Add all effects together to make phenotypes.

In [356]:
# phenotypes
P_m = A_m + E_m
P_p = A_p + E_p
P_o = A_o + E_o

Evaluate the phenotypic variances to check that the model was defined as expected.

In [360]:
variance(P_m)

V_at + V_au + V_e

In [None]:
variance(P_p) 

V_at + V_au + V_e

In [370]:
variance(P_o)

V_at + V_au + V_e

Finally, define additional symbols summarising variances:

In [397]:
Vp = Symbol('V_p', positive = True)
h2_snp = Symbol('h^2_SNP', positive = True)
h2 = Symbol('h^2', positive = True)

### Exploring full and partial correlations

As a basic exploration, we will look at the correlation between maternal and offspring phenotypes.

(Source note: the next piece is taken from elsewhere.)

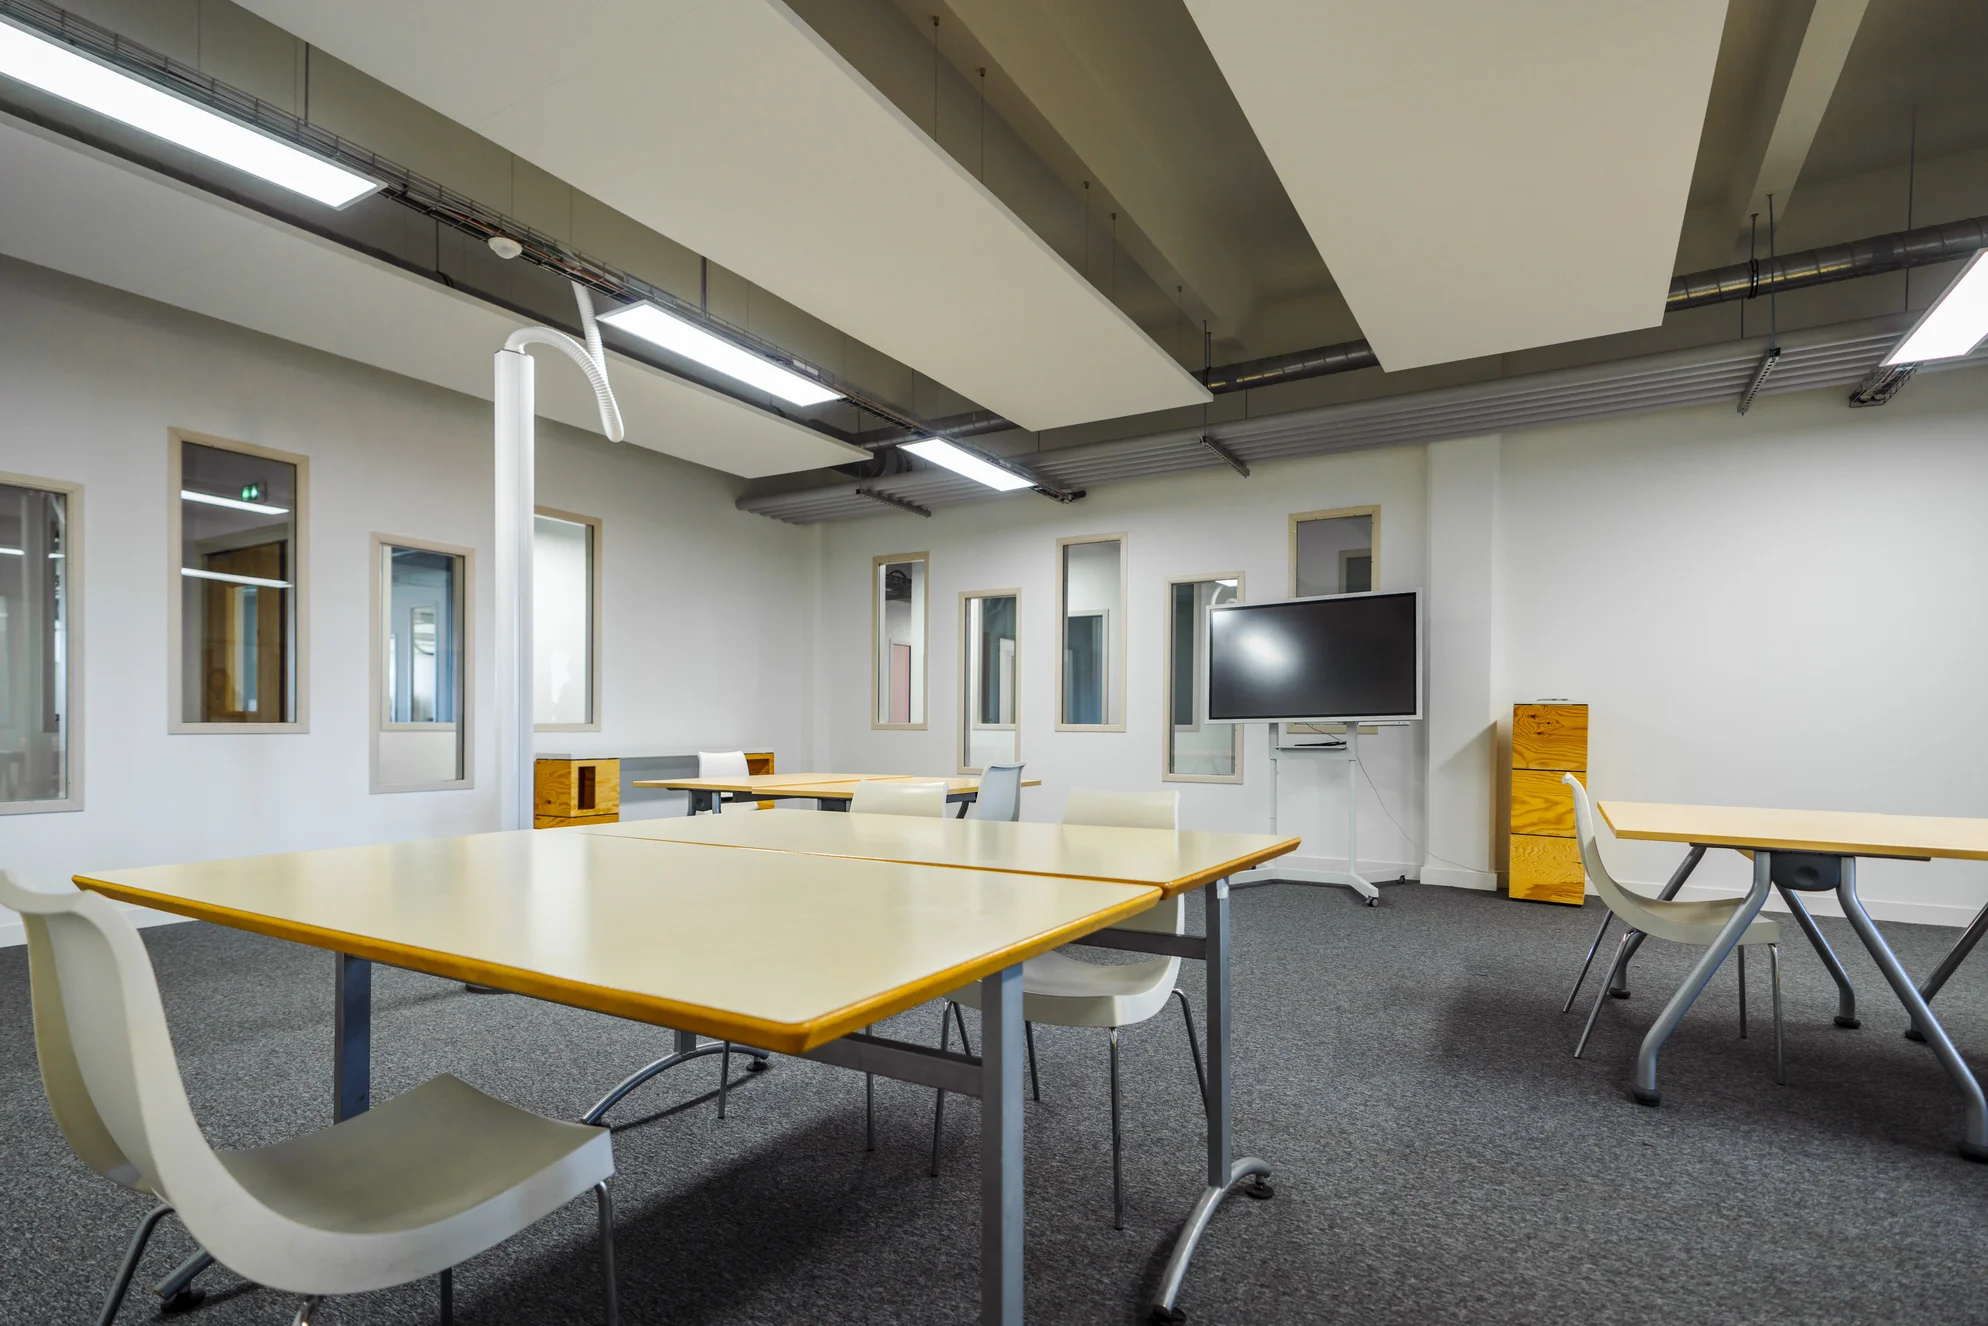 Salle de formation Blanchemaille

The covariance is:

In [376]:
covariance(P_m, P_o)

V_at/2 + V_au/2

while the correlation is

In [454]:
mother_offspring_rp = correlation(P_m, P_o)
mother_offspring_rp

(V_at/2 + V_au/2)/(V_at + V_au + V_e)

If there is no untagged genetic variance (the tagged variance accounts for all of the additive genetic variance), the expected correlations is:

In [455]:
mother_offspring_rp_Vau0 = mother_offspring_rp.subs(Va_untagged, 0)
mother_offspring_rp_Vau0

V_at/(2*(V_at + V_e))

Express correlation in terms of phenotypic variance $V_p$ and SNP heritability $h^2_{SNP}$

In [398]:
mother_offspring_rp_Vau0_vp = mother_offspring_rp_Vau0.subs(Va_tagged + Ve, Vp)
mother_offspring_rp_Vau0_vp

V_at/(2*V_p)

In [400]:
mother_offspring_rp_Vau0_vp.subs(Va_tagged / Vp, h2_snp)

h^2_SNP/2

Examine partial correlation between maternal and offspring phenotypes after controlling for tagged genetic effects. First, create a covariance matrix $\Sigma$ for the maternal and offspring phenotypes and tagged genetic effects:

In [441]:
M = [P_m, P_o, A_mt, A_ot]
Sigma = Matrix(len(M), len(M), lambda i,j: covariance(M[i], M[j]))
Sigma

Matrix([
[V_at + V_au + V_e,   V_at/2 + V_au/2,   V_at, V_at/2],
[  V_at/2 + V_au/2, V_at + V_au + V_e, V_at/2,   V_at],
[             V_at,            V_at/2,   V_at, V_at/2],
[           V_at/2,              V_at, V_at/2,   V_at]])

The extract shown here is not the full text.